WORK INSTRUCTIONS -
Could every line of the data be copied out once more, exactly?

DATASET RECORDS -
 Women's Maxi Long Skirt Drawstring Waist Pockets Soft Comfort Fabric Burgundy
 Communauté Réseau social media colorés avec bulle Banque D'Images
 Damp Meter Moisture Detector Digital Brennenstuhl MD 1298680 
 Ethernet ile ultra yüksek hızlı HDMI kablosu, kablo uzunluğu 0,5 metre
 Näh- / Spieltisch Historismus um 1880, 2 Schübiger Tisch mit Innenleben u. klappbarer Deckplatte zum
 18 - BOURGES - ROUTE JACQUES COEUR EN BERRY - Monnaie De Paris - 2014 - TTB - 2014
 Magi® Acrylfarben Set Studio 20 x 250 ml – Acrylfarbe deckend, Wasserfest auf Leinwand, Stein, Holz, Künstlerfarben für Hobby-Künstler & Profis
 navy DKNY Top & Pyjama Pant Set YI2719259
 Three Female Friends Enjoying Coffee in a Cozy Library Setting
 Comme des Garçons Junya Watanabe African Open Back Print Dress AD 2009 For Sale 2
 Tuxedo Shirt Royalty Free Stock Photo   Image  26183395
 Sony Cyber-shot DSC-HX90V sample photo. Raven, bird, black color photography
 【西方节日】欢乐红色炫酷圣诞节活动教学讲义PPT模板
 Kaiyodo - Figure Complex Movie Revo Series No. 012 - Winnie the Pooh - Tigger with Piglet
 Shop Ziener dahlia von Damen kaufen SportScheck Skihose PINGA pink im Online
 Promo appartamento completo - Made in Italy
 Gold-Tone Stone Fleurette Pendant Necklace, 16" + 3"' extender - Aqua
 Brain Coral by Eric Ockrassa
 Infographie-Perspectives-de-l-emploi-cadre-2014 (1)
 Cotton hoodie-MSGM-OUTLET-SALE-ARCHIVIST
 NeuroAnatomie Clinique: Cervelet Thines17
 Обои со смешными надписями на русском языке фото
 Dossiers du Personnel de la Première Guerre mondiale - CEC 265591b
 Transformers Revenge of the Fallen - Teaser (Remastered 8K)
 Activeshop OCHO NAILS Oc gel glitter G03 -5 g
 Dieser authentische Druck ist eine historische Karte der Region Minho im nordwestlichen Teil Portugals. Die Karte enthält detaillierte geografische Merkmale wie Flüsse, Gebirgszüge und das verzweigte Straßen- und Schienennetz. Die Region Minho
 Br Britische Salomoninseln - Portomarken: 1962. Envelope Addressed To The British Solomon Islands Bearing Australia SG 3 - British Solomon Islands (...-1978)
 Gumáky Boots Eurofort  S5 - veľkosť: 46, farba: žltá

EXERCISE RESPONSE -
 Women's Maxi Long Skirt Drawstring Waist Pockets Soft Comfort Fabric Burgundy
 Communauté Réseau social media colorés avec bulle Banque D'Images
 Damp Meter Moisture Detector Digital Brennenstuhl MD 1298680 
 Ethernet ile ultra yüksek hızlı HDMI kablosu, kablo uzunluğu 0,5 metre
 Näh- / Spieltisch Historismus um 1880, 2 Schübiger Tisch mit Innenleben u. klappbarer Deckplatte zum
 18 - BOURGES - ROUTE JACQUES COEUR EN BERRY - Monnaie De Paris - 2014 - TTB - 2014
 Magi® Acrylfarben Set Studio 20 x 250 ml – Acrylfarbe deckend, Wasserfest auf Leinwand, Stein, Holz, Künstlerfarben für Hobby-Künstler & Profis
 navy DKNY Top & Pyjama Pant Set YI2719259
 Three Female Friends Enjoying Coffee in a Cozy Library Setting
 Comme des Garçons Junya Watanabe African Open Back Print Dress AD 2009 For Sale 2
 Tuxedo Shirt Royalty Free Stock Photo   Image  26183395
 Sony Cyber-shot DSC-HX90V sample photo. Raven, bird, black color photography
 【西方节日】欢乐红色炫酷圣诞节活动教学讲义PPT模板
 Kaiyodo - Figure Complex Movie Revo Series No. 012 - Winnie the Pooh - Tigger with Piglet
 Shop Ziener dahlia von Damen kaufen SportScheck Skihose PINGA pink im Online
 Promo appartamento completo - Made in Italy
 Gold-Tone Stone Fleurette Pendant Necklace, 16" + 3"' extender - Aqua
 Brain Coral by Eric Ockrassa
 Infographie-Perspectives-de-l-emploi-cadre-2014 (1)
 Cotton hoodie-MSGM-OUTLET-SALE-ARCHIVIST
 NeuroAnatomie Clinique: Cervelet Thines17
 Обои со смешными надписями на русском языке фото
 Dossiers du Personnel de la Première Guerre mondiale - CEC 265591b
 Transformers Revenge of the Fallen - Teaser (Remastered 8K)
 Activeshop OCHO NAILS Oc gel glitter G03 -5 g
 Dieser authentische Druck ist eine historische Karte der Region Minho im nordwestlichen Teil Portugals. Die Karte enthält detaillierte geografische Merkmale wie Flüsse, Gebirgszüge und das verzweigte Straßen- und Schienennetz. Die Region Minho
 Br Britische Salomoninseln - Portomarken: 1962. Envelope Addressed To The British Solomon Islands Bearing Australia SG 3 - British Solomon Islands (...-1978)
 Gumáky Boots Eurofort  S5 - veľkosť: 46, farba: žltá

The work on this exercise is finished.